Waiting at the farm for my buddy where I killed my bird last week. I did a little scouting and the boss was out last night at 730. Know where he is roosted, but he has been called in twice in the last 2 weeks. He eluded my 10 year old's sights last week, hopefully he doesn't escape again.


----------



## Former grunt (Feb 26, 2018)

Out here trying to get it done, I know roughly where a Tom is roosted that's been pretty tight with his lady friend, gonna try and sneak in put out a Tom decoy, hopefully he he gets jealous.


----------



## old graybeard (Jan 19, 2006)

Good luck guys!


----------



## Flight of the arrow (Feb 11, 2008)

I’m locked in, another messy morning the wife was with me and got stuck in some mud and fell in the water. She said she was good but I seen the water run in her boots. 27° And soaking wet equals hypothermia, no birds worth that.......all quite here no gobbling yet, good luck all.
Flight


----------



## springIstrutfallIrut (Mar 30, 2012)

Some distant gobbling off the roost. 1 tom was really firing good 500+yds out. The hens usually come out where I'm at, haven't seen a turkey yet. All has been quiet since flydown


----------



## Yankee#1 (Jun 3, 2015)

3 distant gobbles between 6-6:05. One distant gunshot 6:35. Coaxed a gobble out of one about 150 yards away in his strut zone about 6:45ish. Very quiet here in KZoo county...
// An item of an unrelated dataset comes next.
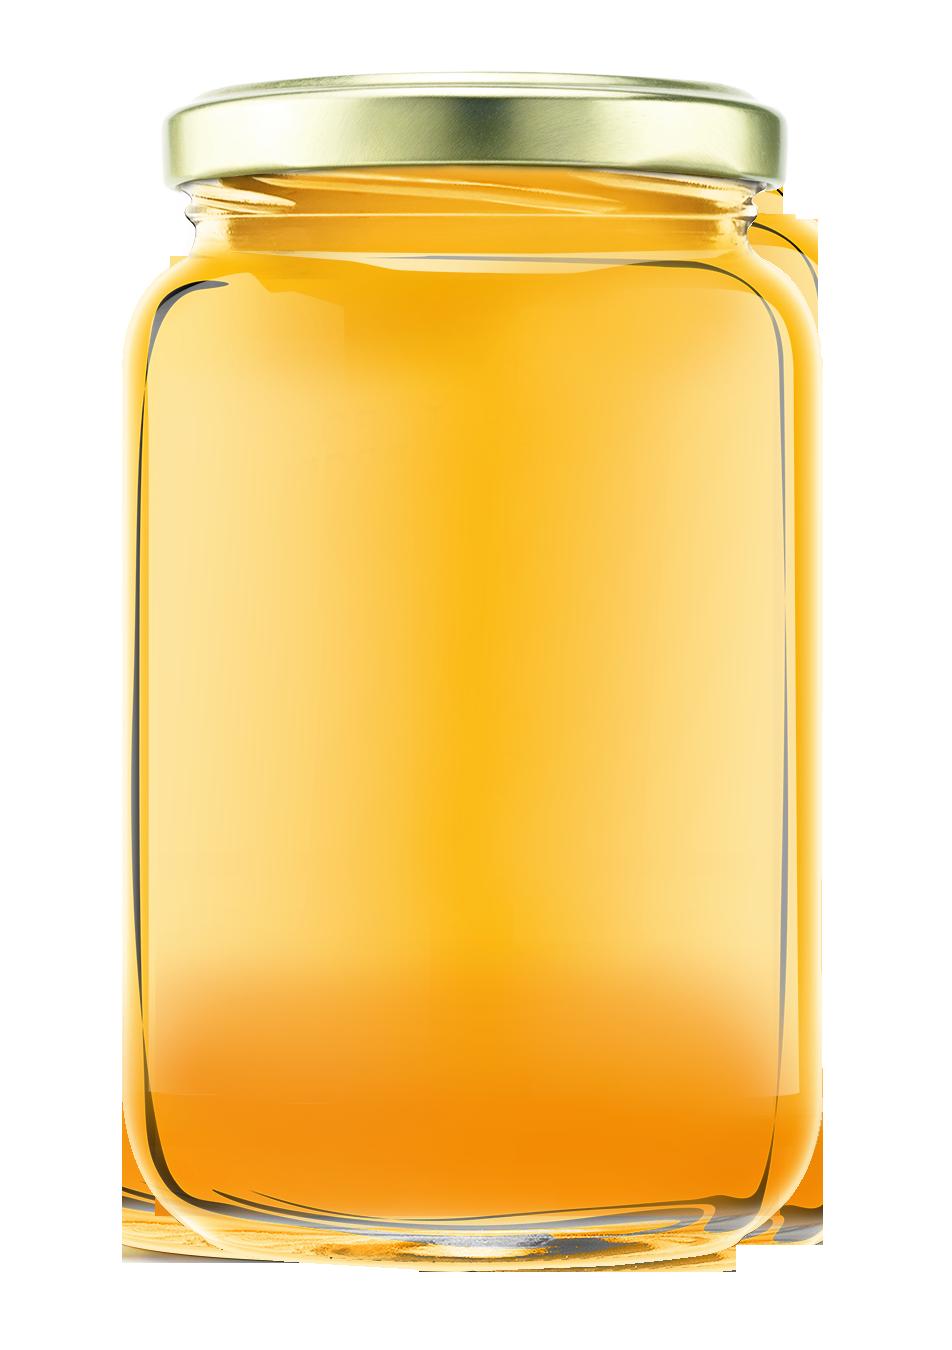 Honey Jar Png Image Honey Jar Honey Jar Image

Currently listening to a red-bellied woodpecker sending messages of love on an big ole dead ash tree 5 yards away...


Sent from my iPhone using Michigan Sportsman mobile app


----------



## Houndhunter12 (May 5, 2016)

Slept in till 600, made a pot of coffee, got geared up and left the house at 635. Walked out back 100 yards heard a gobble, sat down, 2 yelps and boom!! Back at the house at 655. Lol


----------



## Flight of the arrow (Feb 11, 2008)

The wind is starting to pick up and there sure hasn’t been many turkey “noises” out here this morning. Was excited to get back here this morning in hopes that I would run into that big ole Tom that was working the neighbors field, so far it’s been a bust.
Flight


----------



## can'tstop (Mar 6, 2012)

Slow up my way. Out trying to call one in for a friend but we have not heard anything yet. Good luck


----------



## Yankee#1 (Jun 3, 2015)

I may take a week off, because I’m pretty sure the toms have entered the mid-May lockdown near me. 
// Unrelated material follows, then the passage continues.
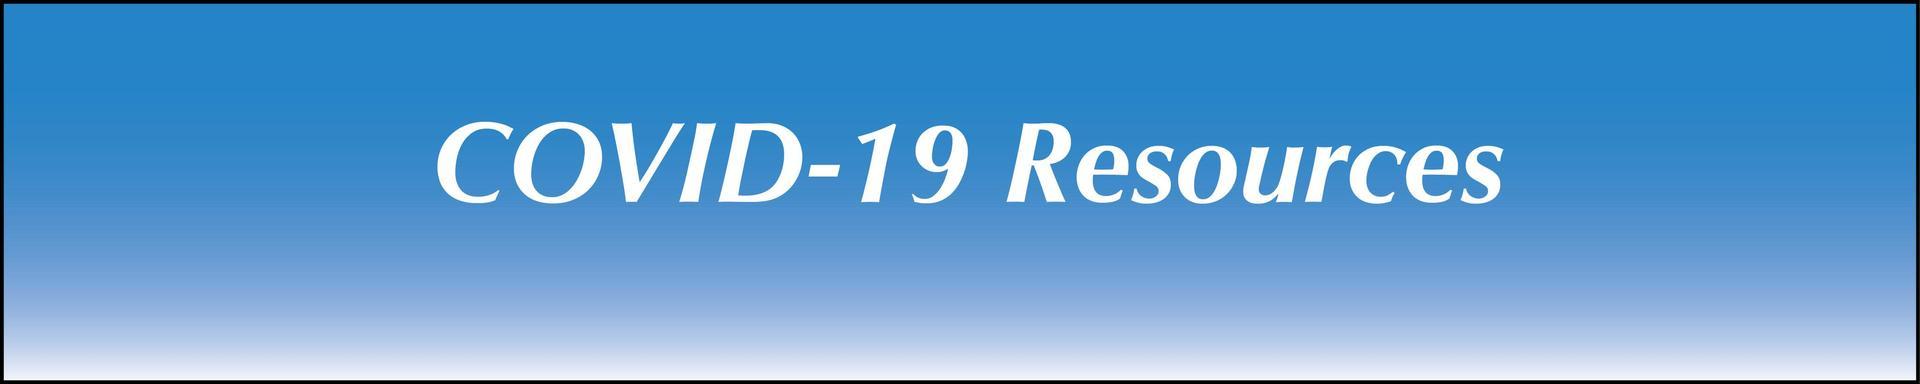 COVID-19 Resources graphic

Gobbling has declined markedly since Tuesday because they’re stuck to their last one or two hens and won’t leave them. The hens hit the ground early to eat and check the nest, leaving us with strut zone stupid toms who don’t gobble.

This cold and wind also suck - I’m definitely not missing the mosquitos, but come on - this is early May, not late March...


----------



## Flight of the arrow (Feb 11, 2008)

It’s time.....bird to my left !
Flight


----------



## Trout King (May 1, 2002)

Called in this guy for my buddy this morning. Big bird.


----------



## zep02 (Mar 29, 2007)

Good luck to all those afield today! Got my bird last Friday and have been trying to get dad on a Tom ever since. We decided to sleep in this morning and enjoy the coffee from the porch. Excited to hear and hopefully see some successful turkey pics from those who are out today. Shoot straight!

Sent from my SM-G973U using Michigan Sportsman mobile app


----------



## Former grunt (Feb 26, 2018)

Tom came in about a 100 yards strutted around then quickly caught up with his lady. Drove around, the hens are all over the place, Tom's locked up with their hens in the usual 2 fields, seems like I'm the only hunter out, every parking lot has been empty, including the ones that have had the same vehicles in them all week.


----------



## Flight of the arrow (Feb 11, 2008)

Been slow and I look at the time 7:46, so I figure I will call one more time and wait until 8:00 then start hunting my way back towards the truck. Instant response to my left, I wait then 2 yelps and he hammers right back, put the call down pick up the gun and wait, he gobbles agin but a little further off then went quite.
Flight


----------



## Yankee#1 (Jun 3, 2015)

Flight of the arrow said:


> Been slow and I look at the time 7:46, so I figure I will call one more time and wait until 8:00 then start hunting my way back towards the truck. Instant response to my left, I wait then 2 yelps and he hammers right back, put the call down pick up the gun and wait, he gobbles agin but a little further off then went quite.
> Flight


He sounded hot, maybe toning it down turned him off...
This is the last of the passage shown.